Вячка встал, взял в руки тяжелую трубку свернутого пергамента, подержал его на ладонях, как бы взвешивая. Глаза Климяты загорелись. Он тоже дотронулся рукой до пергамента, и это прикосновение согрело его душу.

– О чем пишу? Я уже закончил описание жизни Рогволода, Рогнеды и сына ее Изяслава. Про Всеслава теперь пишу, которого народ прозвал Чародеем. О том, как сидел он в стольном Киеве в порубе и как освободили его из темницы и великим князем Киевским нарекли.

– Про мой род пишешь, – тихо сказал Вячка.

– Не только про твой род. Про всю землю славянскую. И про нашу Полоцкую землю, ведь она дочь земли славянской. Хочу, чтобы не только в стольных Киеве и Полоцке своя летопись была, но чтобы и Кукейнос ее имел.

– Чем я могу тебе помочь, Климята? – спросил Вячка, намереваясь выйти из каморки.

– А мне ничего и не надо, – Климята уже размешивал киноварь тонкой костяной пластинкой-мастихином. – Благодарствую, князь, за хлеб, за воду и мед, за все, что приносит твоя челядь. Только об одном хочу просить…

– О чем же? – остановился на пороге Вячка.

– Твои люди, бывает, выкапывают из земли священные камни, идолов, дедовское оружие, скелеты неизвестных животных. Не истреблять, не портить, а сберегать, хранить все это надо, чтобы знать, что было на нашей земле до нас. Глаза живых не должны быть затянуты паутиной. Нам нужно видеть и глубоко и далеко, любить, почитать родную землю. Помни, князь: дорог уголок, где резали пупок. Кто ответит за нас перед богом, если не мы сами? Так что вели собирать найденное в земле.

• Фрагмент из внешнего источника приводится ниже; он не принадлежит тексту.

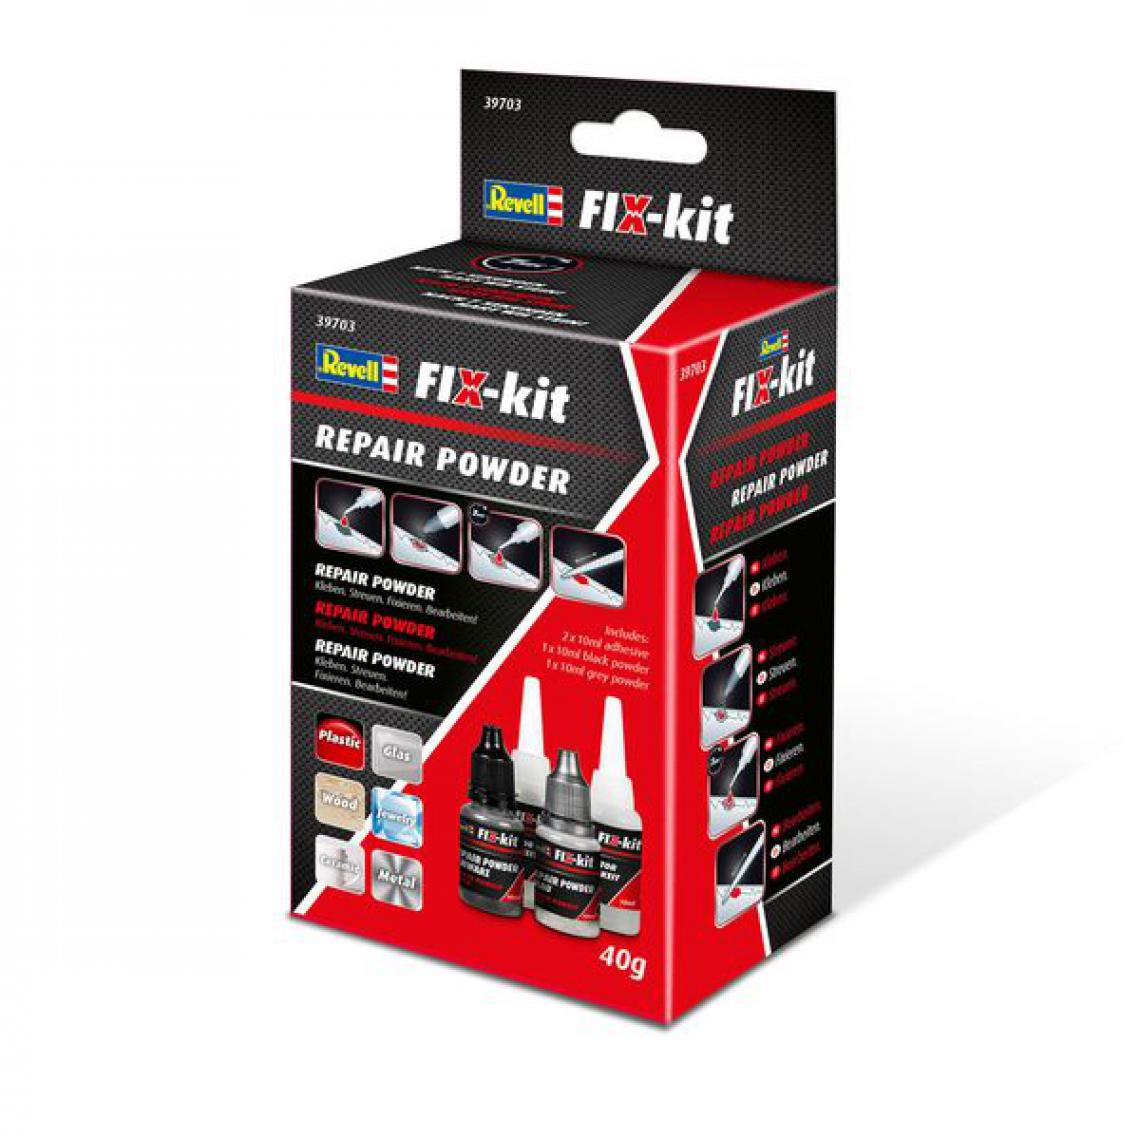 Revell - FIX-kit Repair Powder - Revell - Accessoires et pièces
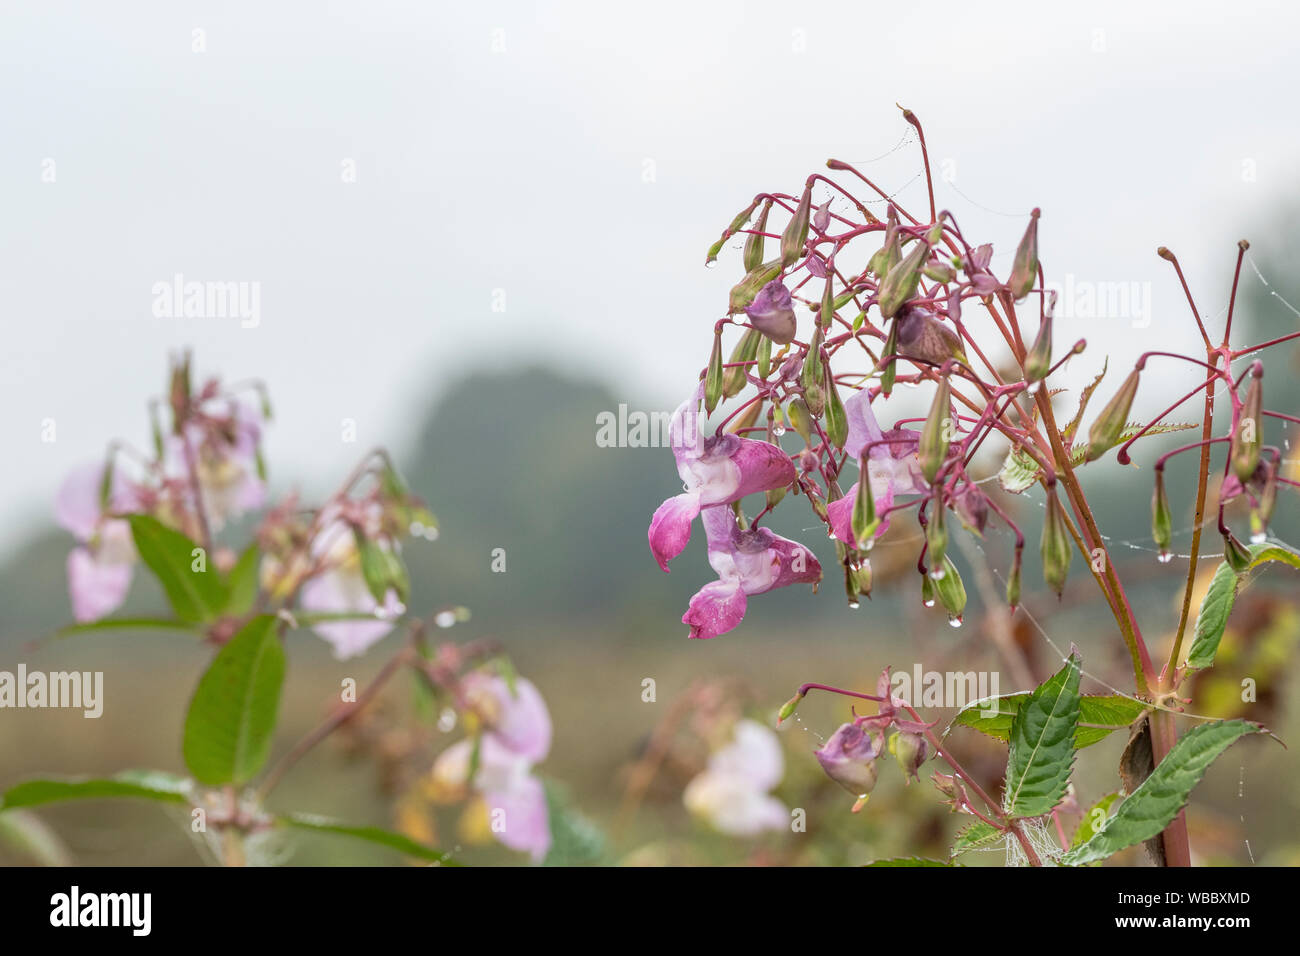 Flores y hojas superiores de problemáticas Bálsamo / Impatiens glandulifera del Himalaya. Le gusta el suelo húmedo / tierra, ríos, riberas, hygrophilous. Foto de stock

– Хорошо, – пообещал Вячка. – Об этом будет сказано старостам, тиунам и родовичам. Будь здоров, Климята.

– Многая лета тебе, князь, – поклонился Вячке переписчик пергаментов.

Вячка, плотнее завернувшись в корзно, спустился на первый ярус терема, затем вышел во двор. Никого из дружинников он не взял с собой, не надел на голову боевой шлем – любил, когда холодный суровый ветер расчесывал его волосы. Уже не впервые до горькой слюны во рту захотелось ему побыть одному, наедине с нелегкими мыслями. Он чувствовал, что смертельно устал за последние лето и весну. Усталость камнем лежала на сердце, но нельзя было дать заметить ее ни дружине, ни боярам, ни посадскому люду. Средь шумной суеты жизни, средь звона мечей, средь голосов походных труб постепенно вызревала, наливалась болью и тоской звонкая и незаметная, как скупая мужская слеза, тишина. И он стоял посреди этой тревожной тишины, как песчаный безлюдный остров посреди двинских волн. Он был один. Один как перст. Только старший вой Холодок, только Климята, только дочь Софья остались у него. Да оставалась надежда еще на одну сострадающую душу – на княжну Добронегу, златокосую сероглазую красавицу, что живет в княжеской усадьбе Свислочь, в густых дремучих лесах при слиянии рек Свислочи и Березины.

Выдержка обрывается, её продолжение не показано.